Support for Paul and Ferl's hypothesis comes from their experiments showing that similar sized fragments are also released by chemicals that facilitate DNA cleavage by Topo II without allowing DNA religation by the same enzyme. These data are significant because Topo II is thought to be enriched at the base of the DNA loops, where it may function to relieve the torsional strains inherent to replication and transcription and/or DNA compaction during mitosis.

Several predictions can be derived from the hypothesis advanced by Paul and Ferl. Most importantly, Topo II and DNase I cleavages sites should colocalize and should map at or near MARs/SARs, as Razin and colleagues have shown in their studies of the Drosophila X chromosome (Iarovaia et al., 1996). Hopefully, subsequent publications from Ferl's group will indicate whether or not this prediction can be supported with experimental data. Interested readers will also look forward to finding out whether there is any relationship between the DNase I and Topo II cleavage sites that generate the putative loops and the DNase I hypersensitive sites and MARs that have been mapped close to the Adh1 gene (Paul et al., 1987; Paul and Ferl, 1993).

The relationship between gene function and chromosome organization is one of several areas where plants, aided by robust genome projects, should provide particularly useful model systems. The order of genes along a chromosome is unlikely to be random or a historical accident but is, instead, likely to be shaped by natural selection.
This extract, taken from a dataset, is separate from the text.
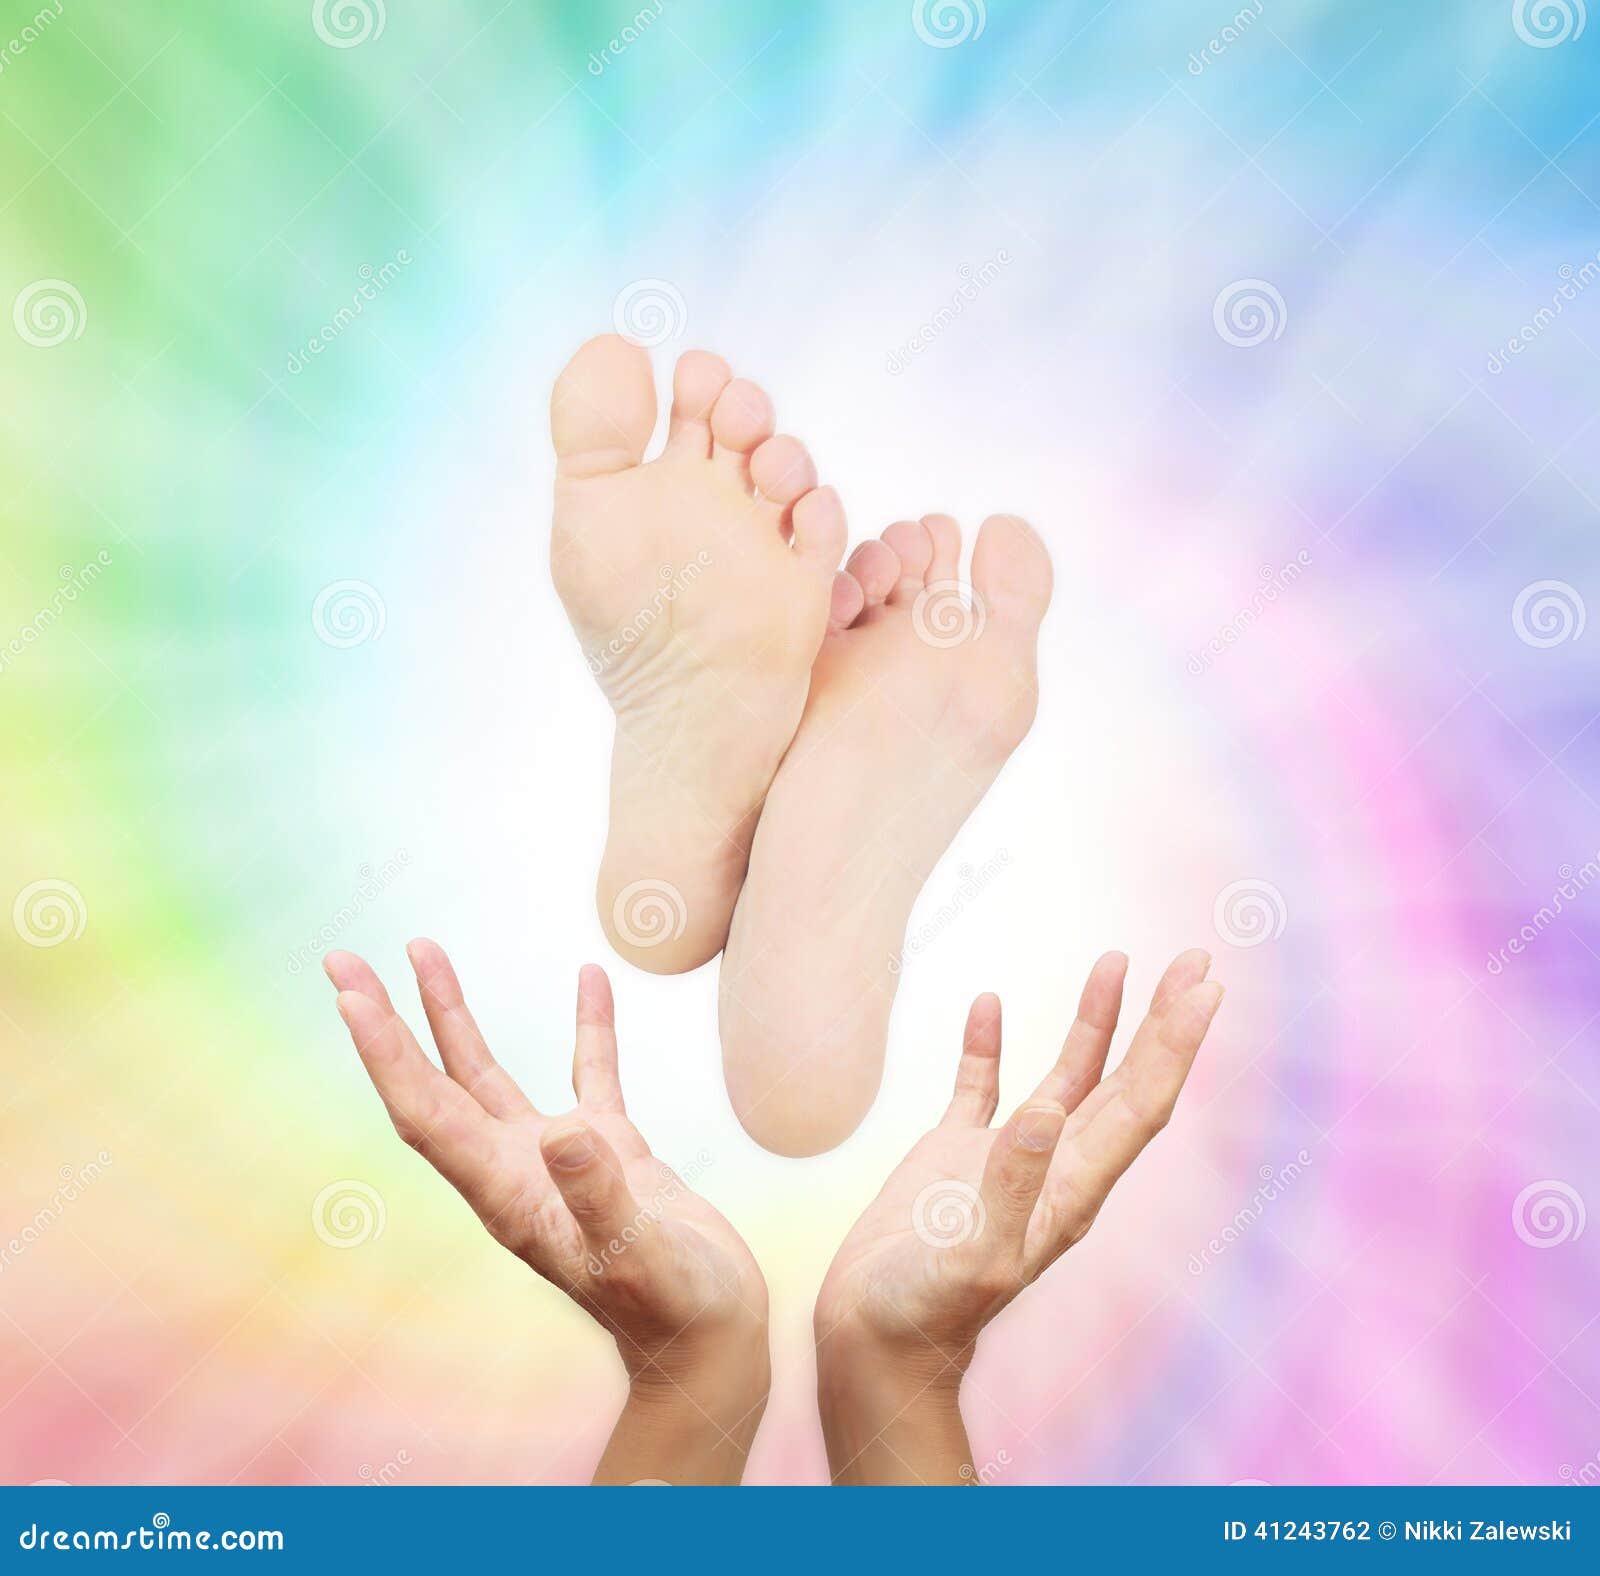 healing feet

It would be efficient to group genes best suited to similar chromatin environments, such as genes that tend to be highly methylated (e.g., the rRNA genes studied in my laboratory), genes that replicate early or late, and genes that can utilize common LCRs or other regulatory regions. Clearly, understanding how chromosome structure and gene functions are interrelated is a challenging subfield of functional genomics. Paul and Ferl's studies should serve as a useful starting point in an area that is poised for further investigation and that is certain to yield important new discoveries in the near future.